Sie sei es gewesen, die mit dem Revolver Marke Taurus die tödlichen Schüsse abgefeuert hatte, gab die Mutter bei der Vernehmung zu. Die Waffe galt zunächst als verschwunden, und es wurde unter anderem im Fluss Bernesga gesucht, auf dessen Fußgängerbrücke sich der Mord ereignet hatte. Dann war sie jedoch von einer Polizistin, einer Freundin von Montserrat Triana Martínez, dreißig Stunden nach der Tat in einem Paket verpackt bei der Polizei abgeliefert worden. Die Tochter hatte den Revolver unmittelbar nach der Tat der Freundin übergeben.

Damit hatte sich der Kreis sozusagen geschlossen, nachdem die Leiche, die Tatwaffe  sowie das Motiv – persönlicher Hass und Rache – und die Täterin feststehen. Was noch zu klären ist – welche Rolle die Tochter und deren Freundin gespielt haben, die den Revolver überbrachte.

Das umfassende Geständnis, welches die Mutter ablegte, bestätigte nur, was für die Polizeibeamten ohnehin klar war. Der Mord war bereits seit Wochen von ihr und möglicherweise auch von der Tochter in allen Details geplant worden. Doch ganz offensichtlich hatten sie ein Element völlig außer Acht gelassen – dass es möglicherweise Zeugen geben könnte. Sie hatten wohl mehrmals in der Nähe des Hauses von Isabel Carrasco gewartet.

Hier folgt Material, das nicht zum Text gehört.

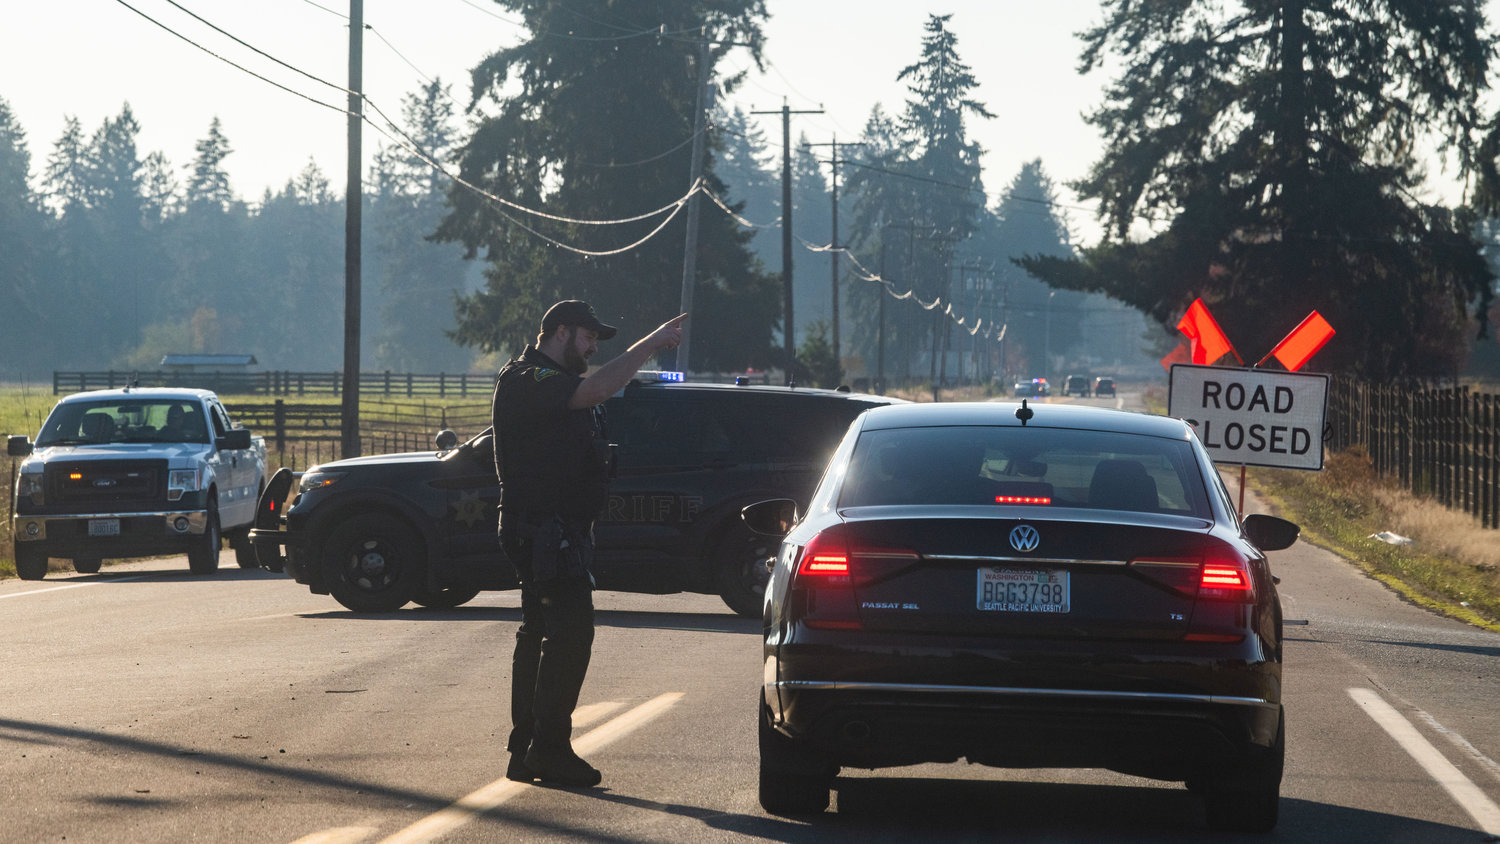 A Thurston County Sheriff Deputy gives directions to drivers navigating road closures on Monday while law enforcement investigates the scene of an officer involved shooting along Old Highway 99 SE in Tenino.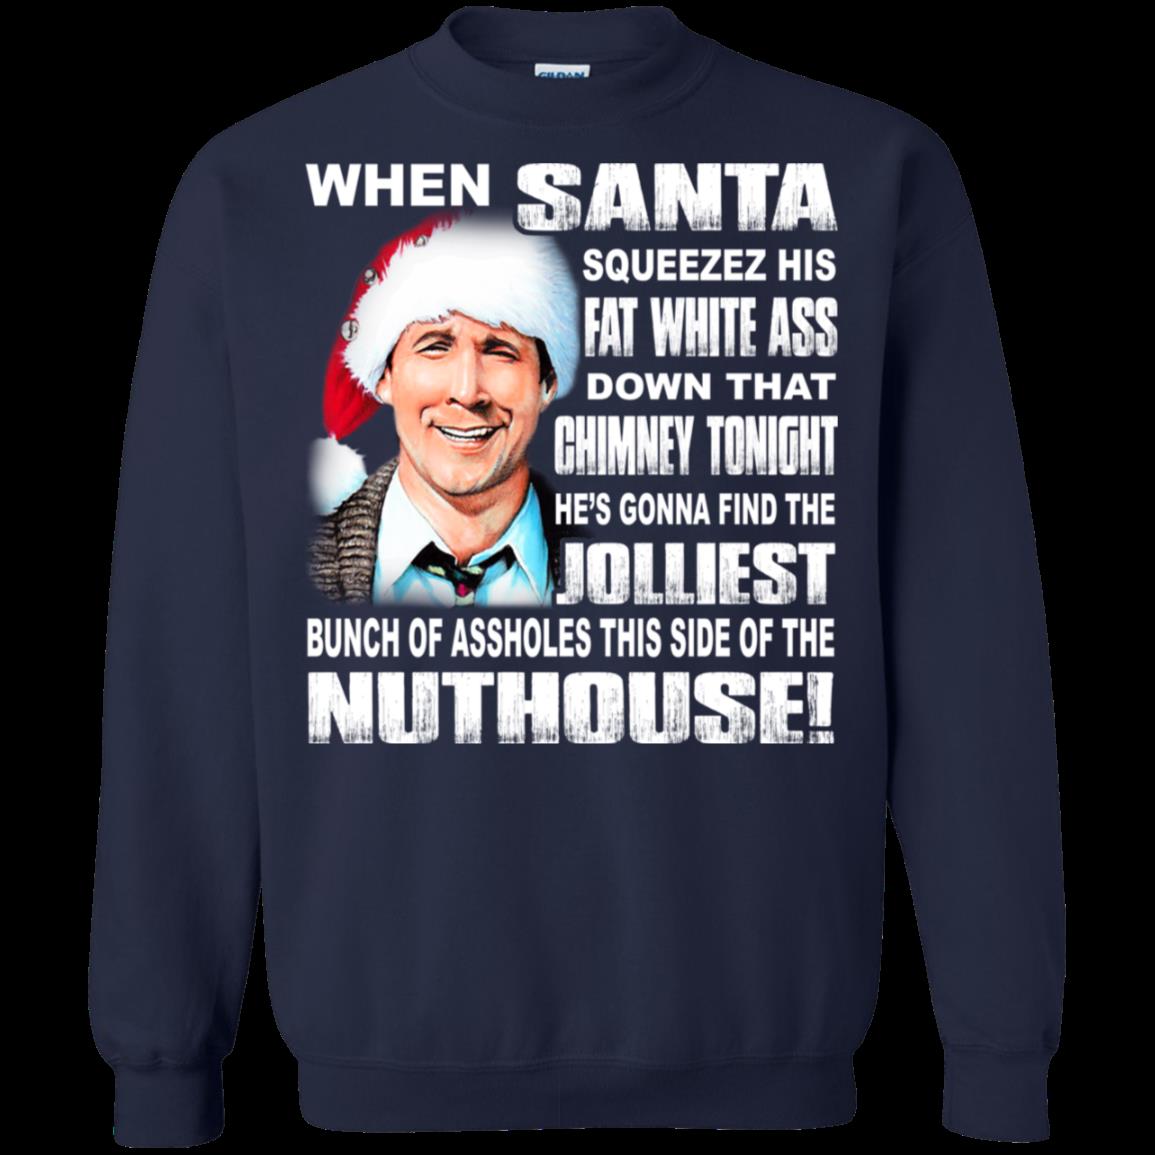 National Lampoon’s Christmas Vacation Shirts When Santa Squeezez Fat Ass 1

Dass der Mord am Montag,  dem 12. Mai, geschah war der Tatsache zuzuschreiben, dass das Opfer immer montags von ihrem Haus bis zur Dienststelle ging und zu diesem Zeitpunkt alleine auf der Straße war. Die Ermittler sind der Überzeugung, die beiden Frauen hätten seine Durchführung seit mehr als einem Monat geplant und geübt. Die Erklärungen von Mutter und Tochter sind weit davon entfernt, eine Entschuldigung zu suchen. Vielmehr zeigen sie eine Obsession gegenüber ihrem Opfer, welche die Ermittler sprachlos macht.

Zwölf Ämter und viel Macht

Isabel Carrasco war ein politischer Wirbelwind und eine Geißel für ihre politischen Gegner. Obwohl sie sich oft im Ton vergriff, hatte die Präsidentin des Abgeordnetenhauses von  Kastilien und León viele Gefolgsleute.

1955 in einer kleinen Ortschaft in der Nähe der Hauptstadt León geboren, studierte sie Jura an der Universität von Valladolid, interessierte sich aber mehr für Finanzen und Steuerwesen. Sie war Dozentin an der Universität von León, Steuerinspektorin und Finanzprüferin. Doch ihre wahre Leidenschaft war stets die Politik, in die sie an der Hand von José María Aznar eintrat, als dieser Präsident der Regionalregierung von Kastilien und León war. Mit ihm verband sie bis zu ihrem schrecklichen Ende eine enge Freundschaft. 

2011 wurde sie als die „Präsidentin der zwölf Posten“ bekannt. Neben der Präsidentschaft des Regionalparlaments stand sie der Flughafenverwaltung, dem Kulturinstitut, dem Tourismus-Konsortium, der ehemaligen Sparkasse von Spanien sowie den Aufsichtsräten mehrerer Unternehmen vor.